** Work required **
Please copy all of the data that follows exactly, leaving any pictures out.

** Information supplied **
----
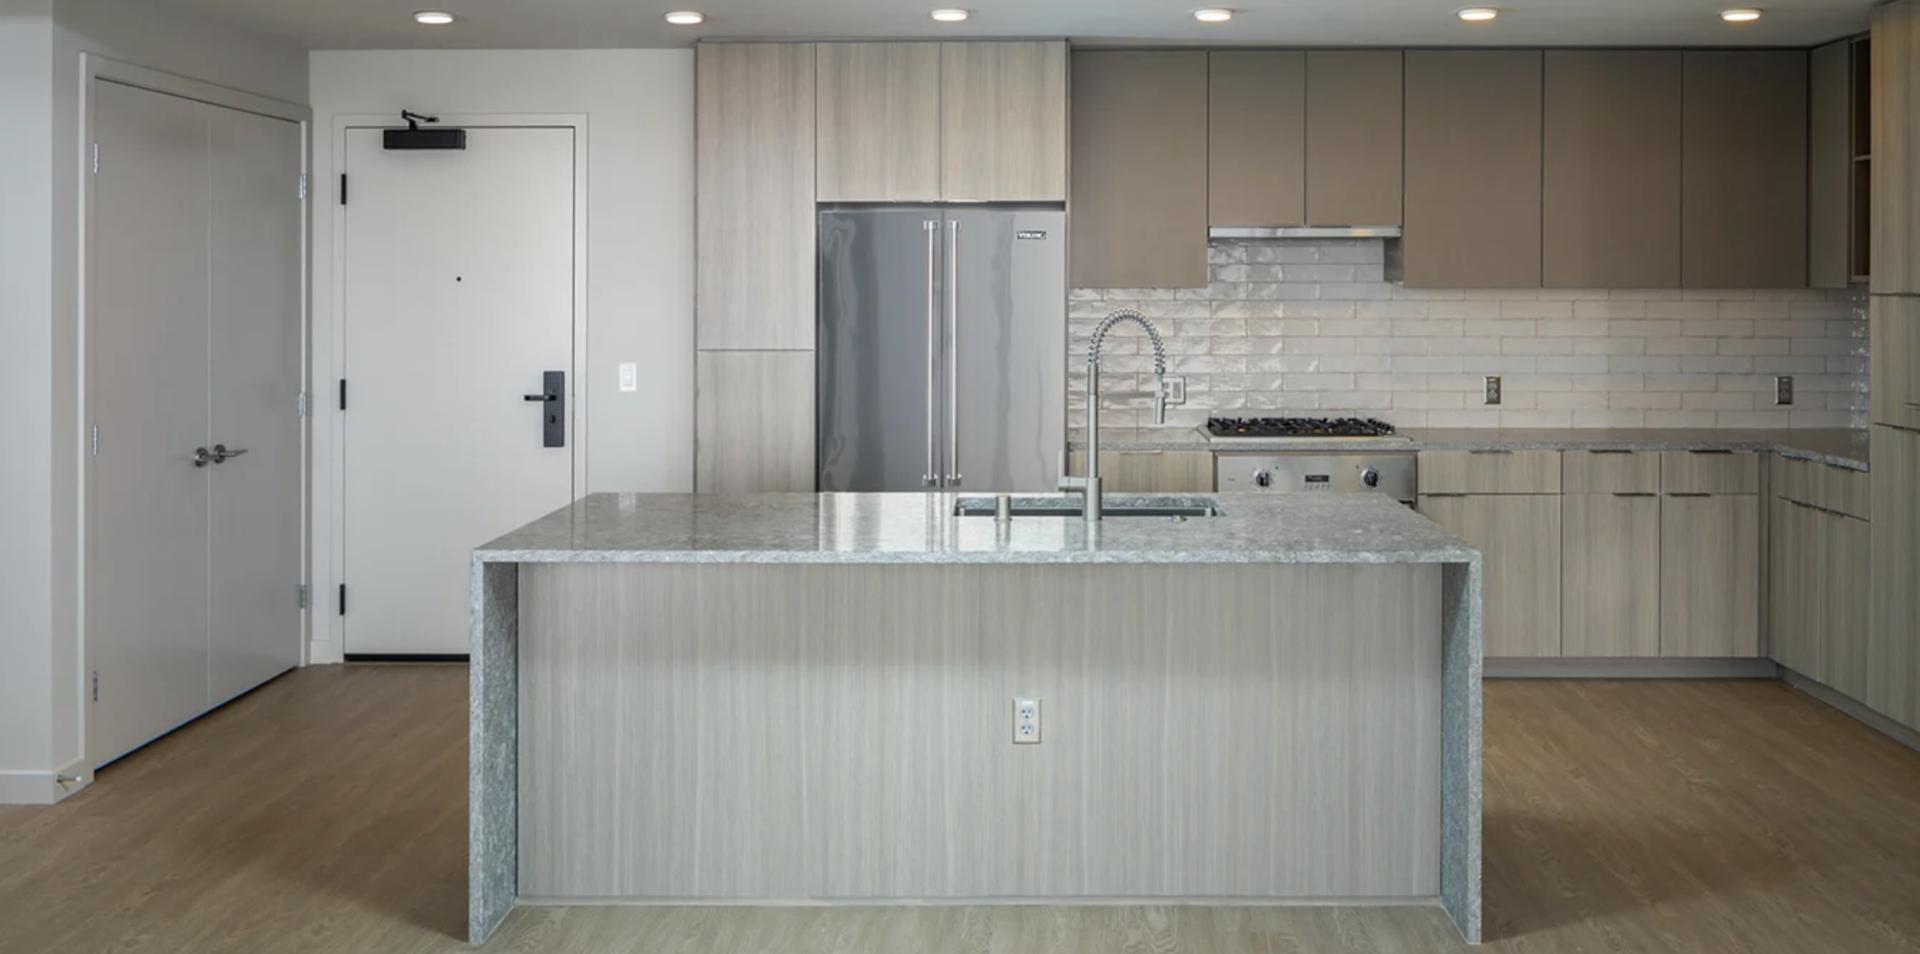 601 11th Avenue #1612, San Diego, CA - $4,745 USD/ month
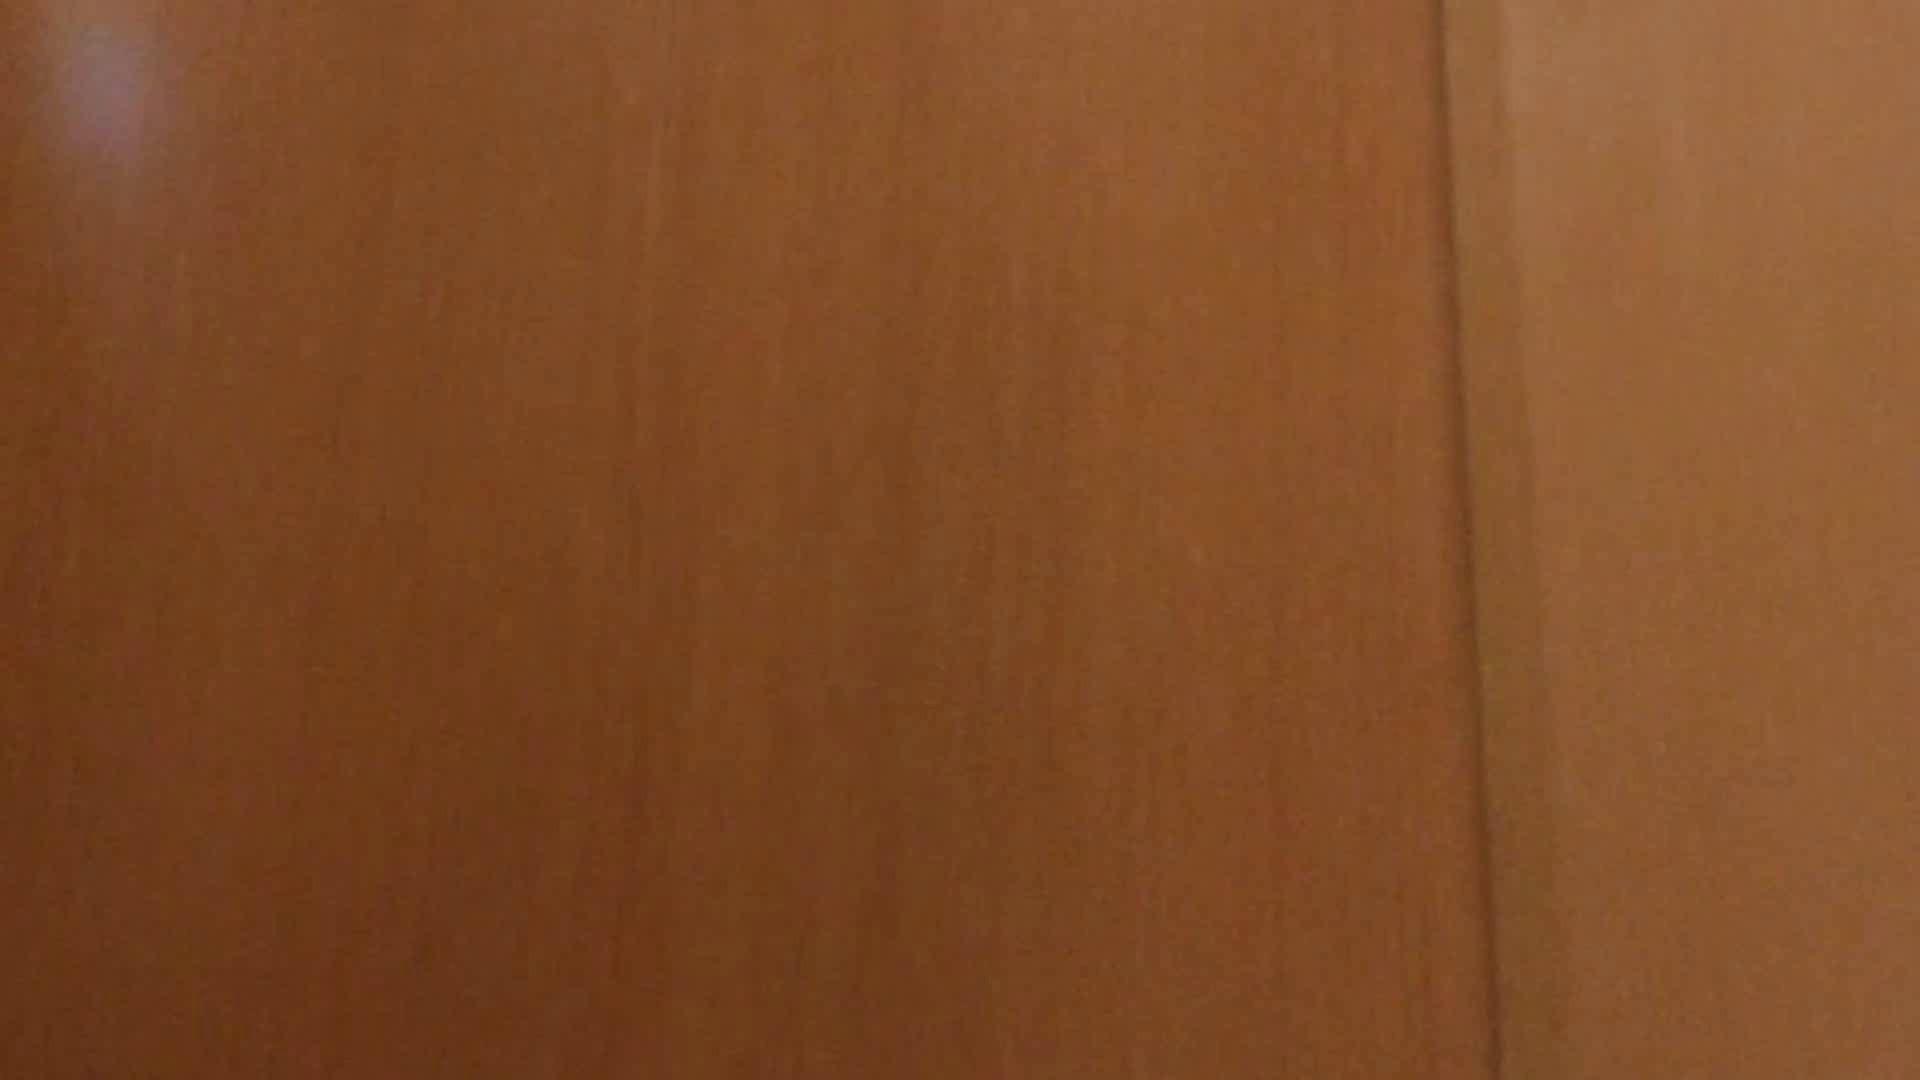 「噂」の国の厠観察日記2 Vol.02 綺麗なOLたち  96枚 69
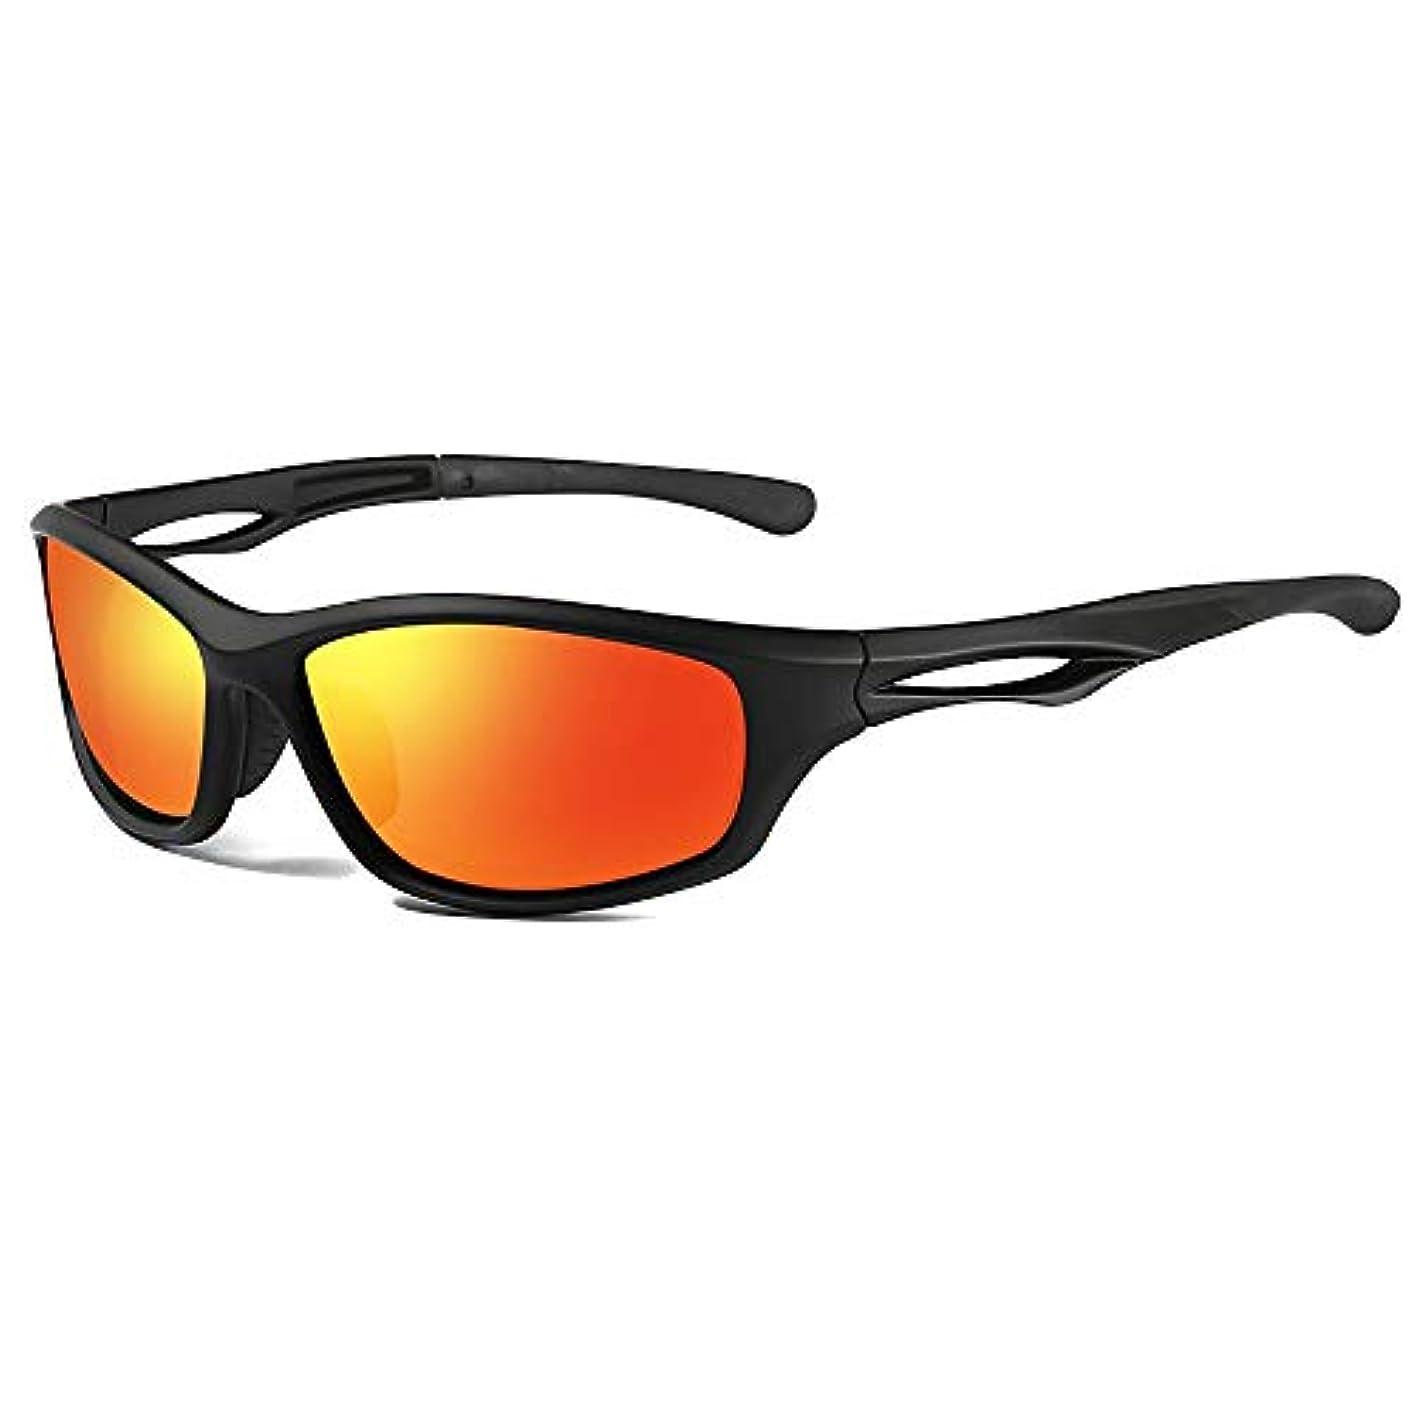 メンタリティ機関天才スポーツサングラス、ライディンググラス、UVカット、目の保護、スキーマウンテン、アウトドア旅行 PG-68
----
** Response **
 601 11th Avenue #1612, San Diego, CA - $4,745 USD/ month
 「噂」の国の厠観察日記2 Vol.02 綺麗なOLたち  96枚 69
 メンタリティ機関天才スポーツサングラス、ライディンググラス、UVカット、目の保護、スキーマウンテン、アウトドア旅行 PG-68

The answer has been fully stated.